THE OXIDATIVE DEGRADATION OF KERATIN (WOOL AND BOVINE HAIR)

Authors: Marmer, William; Dudley, Robert

Submitted to: Journal of American Leather Chemists Association
Publication Type: Peer Reviewed Journal
Publication Acceptance Date: 4/17/2006
Publication Date: 11/1/2006
Citation: Marmer, W.N., Dudley, R.L. 2006. The Oxidative Degradation of Keratin (Wool and Bovine Hair). Journal of American Leather Chemists Association. 101(11):408-415.

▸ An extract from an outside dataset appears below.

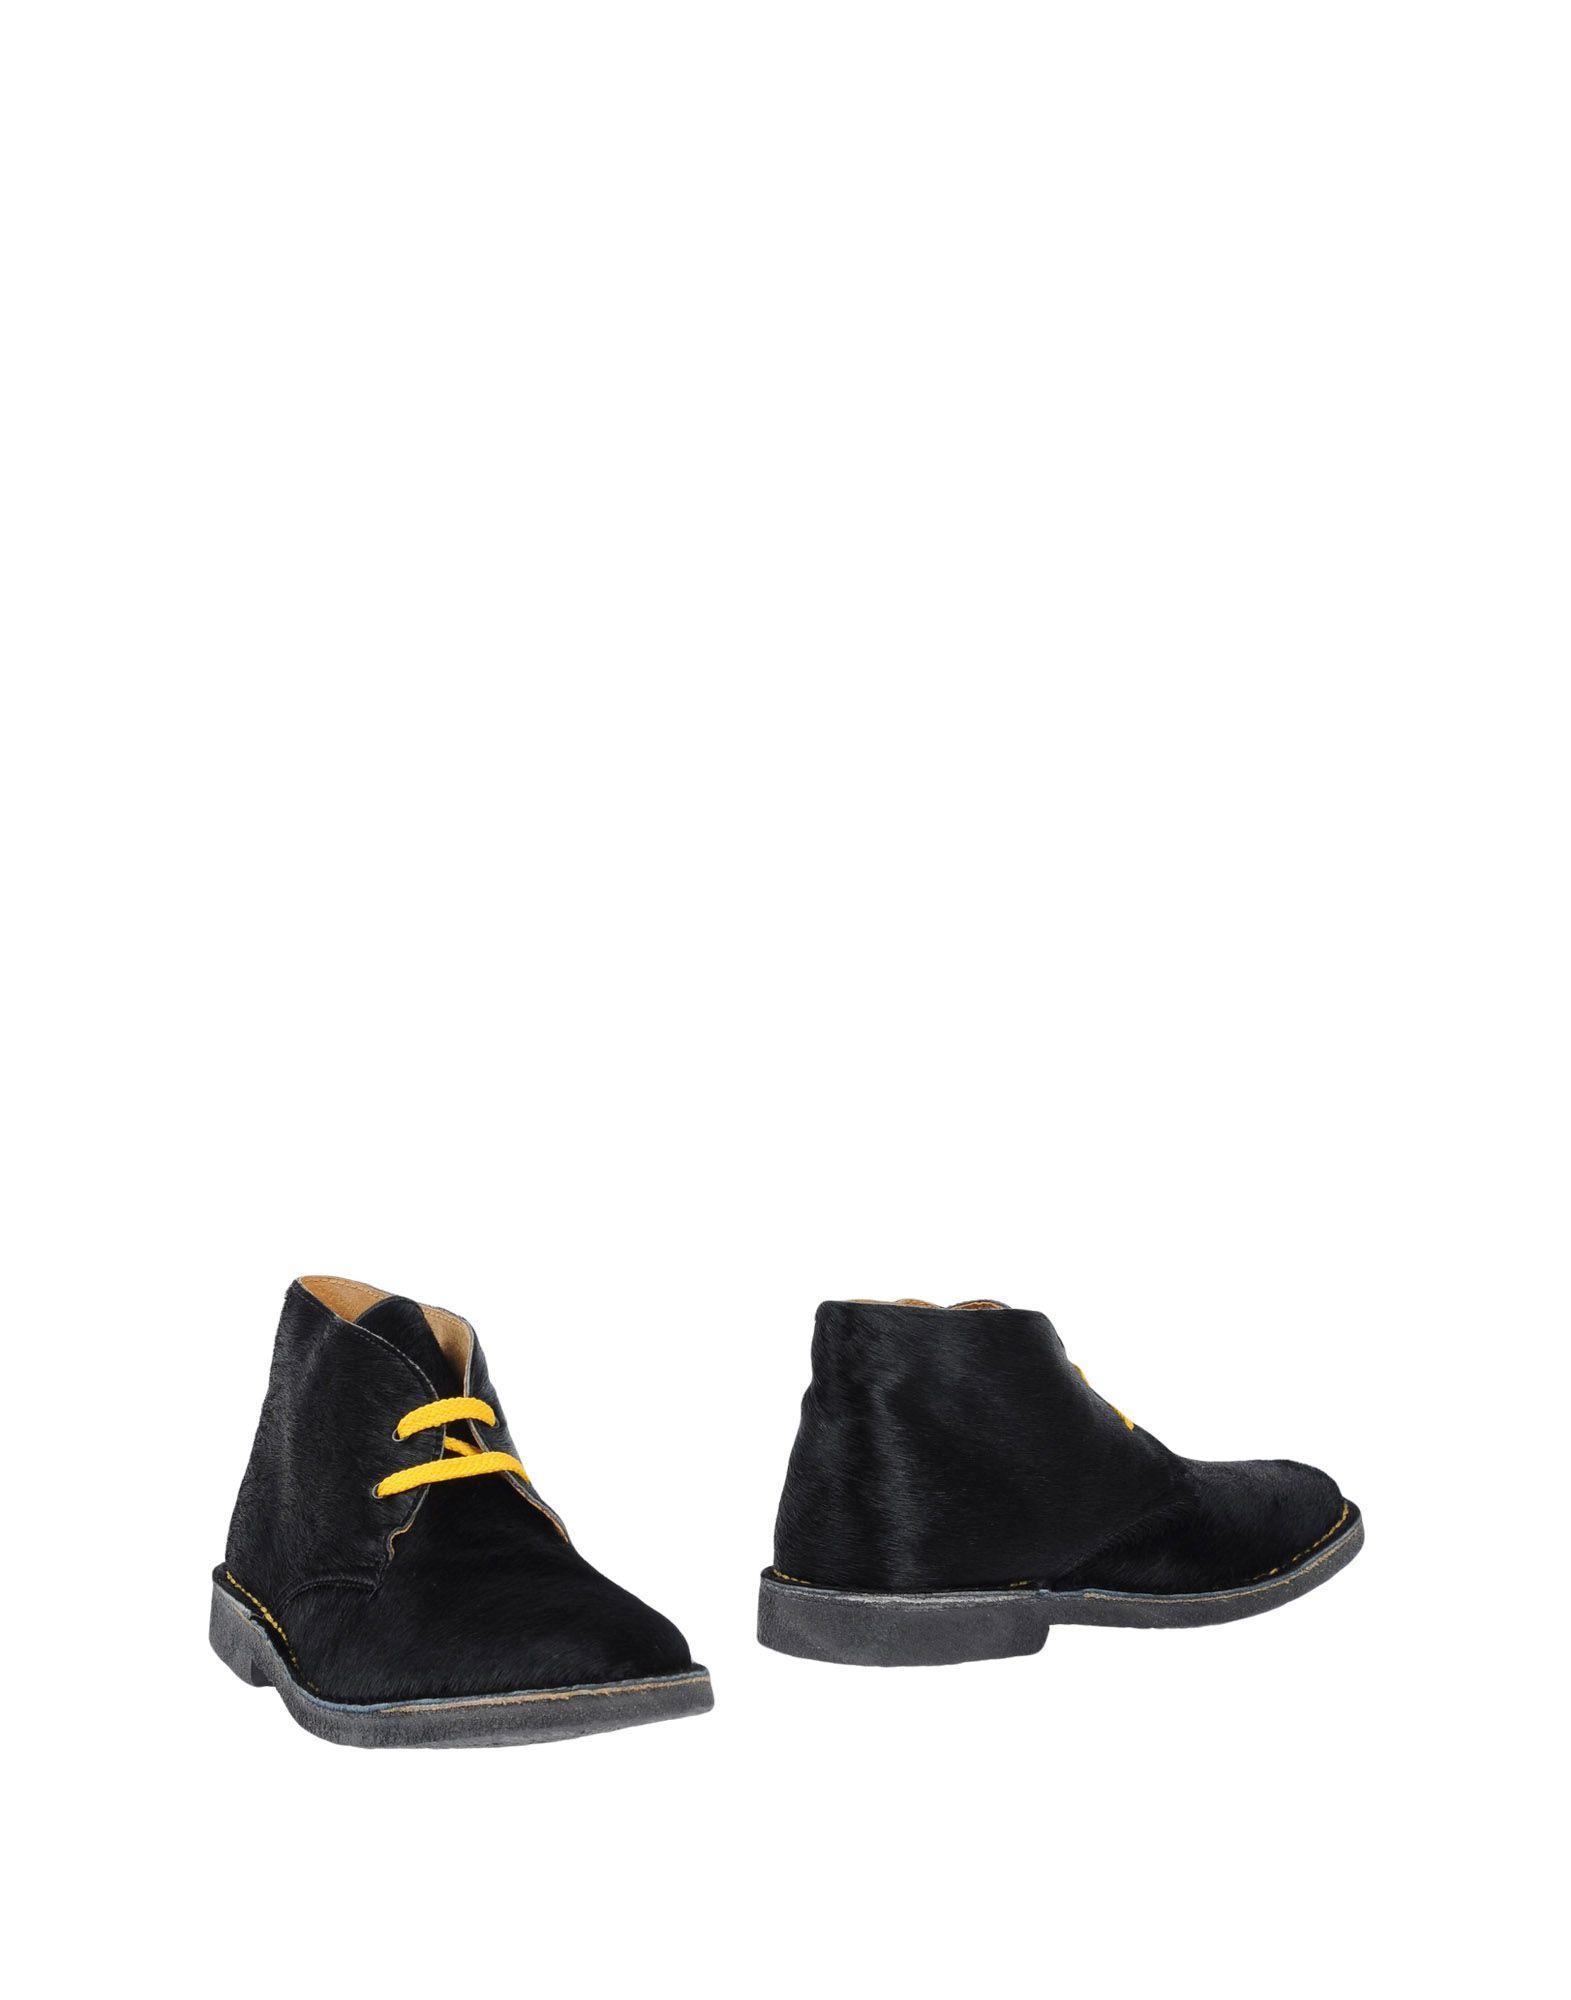 Rabatt echte Schuhe Bruno's Stiefelette Herren  11058913MG
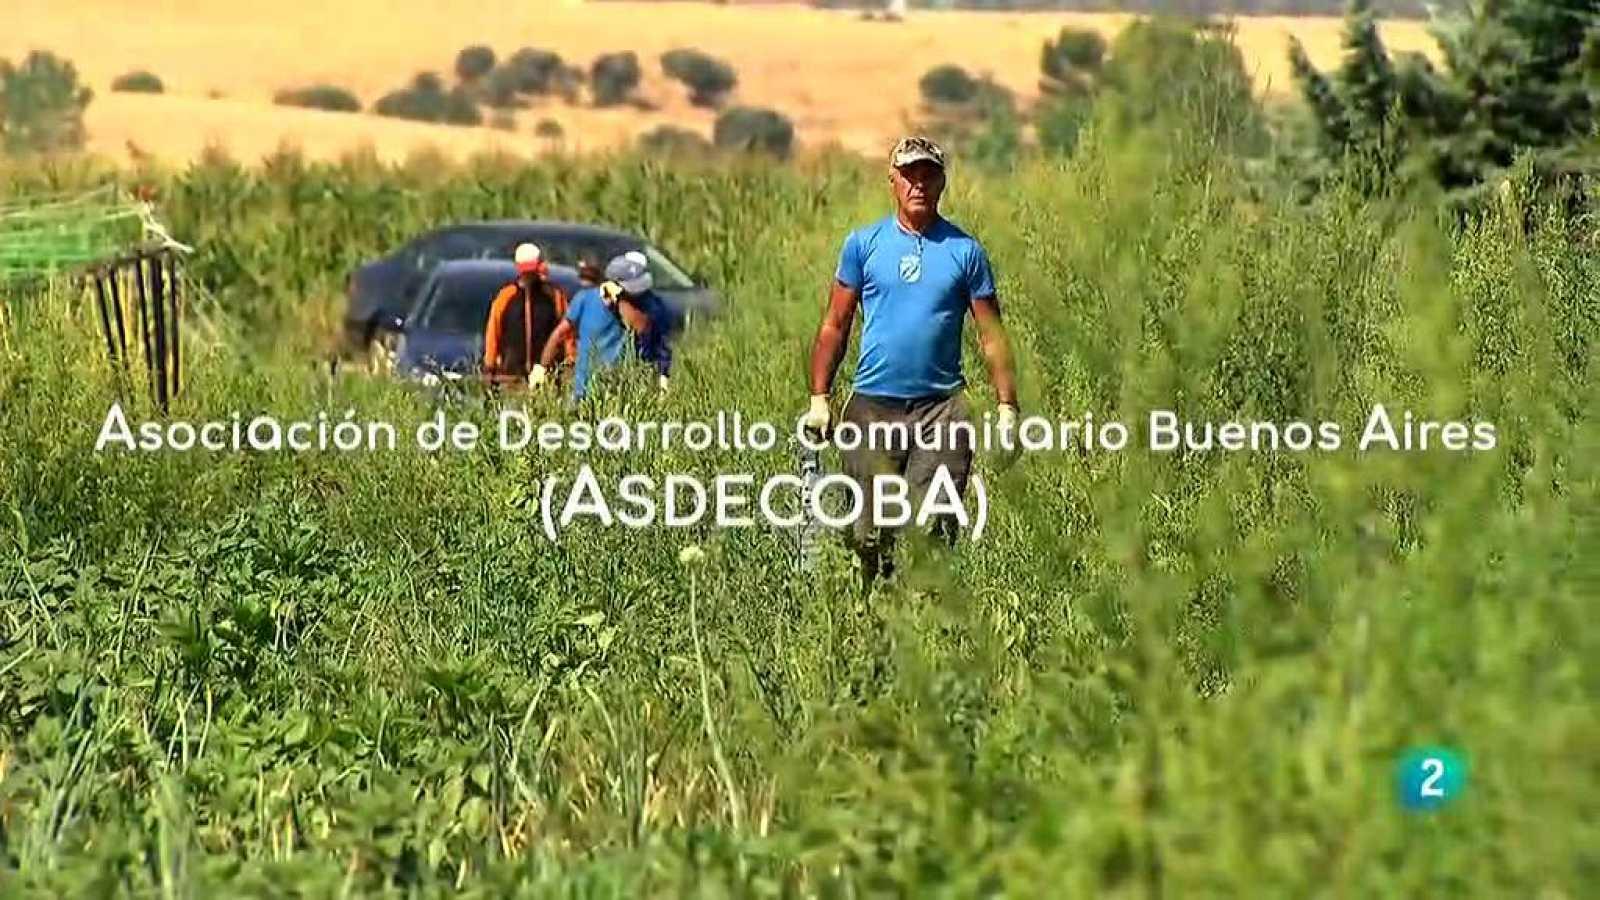 La aventura del saber Asociacion de Desarrollo Comunitario Buenos Aires ASDECOBA ecológica catering narcotrafico #AventuraSaberSociedad

Interpretive Summary: An early stage in the conversion of hides into leather is the removal of hair from the hides. This has been done traditionally using toxic and environmentally unfriendly processes employing the chemical agent sodium sulfide. Oxidizing agents are alternative and more benign agents. In the past few years we have investigated the effectiveness of such alternatives. In the current study we examined those processes to determine if they all worked by a common mechanism. We applied such techniques as NMR spectroscopy, mass spectrometry, and solubility studies on hide samples and hair. Not only did the results point to a common mechanism, but they demonstrated that a consequence of alkaline dehairing – so-called hair immunization, which renders the hair resistant to dehairing – is of no consequence when applying the alternative oxidative systems. The results should encourage the replacement of sulfide-induced dehairing in our tanneries and those abattoirs that conduct their own dehairing.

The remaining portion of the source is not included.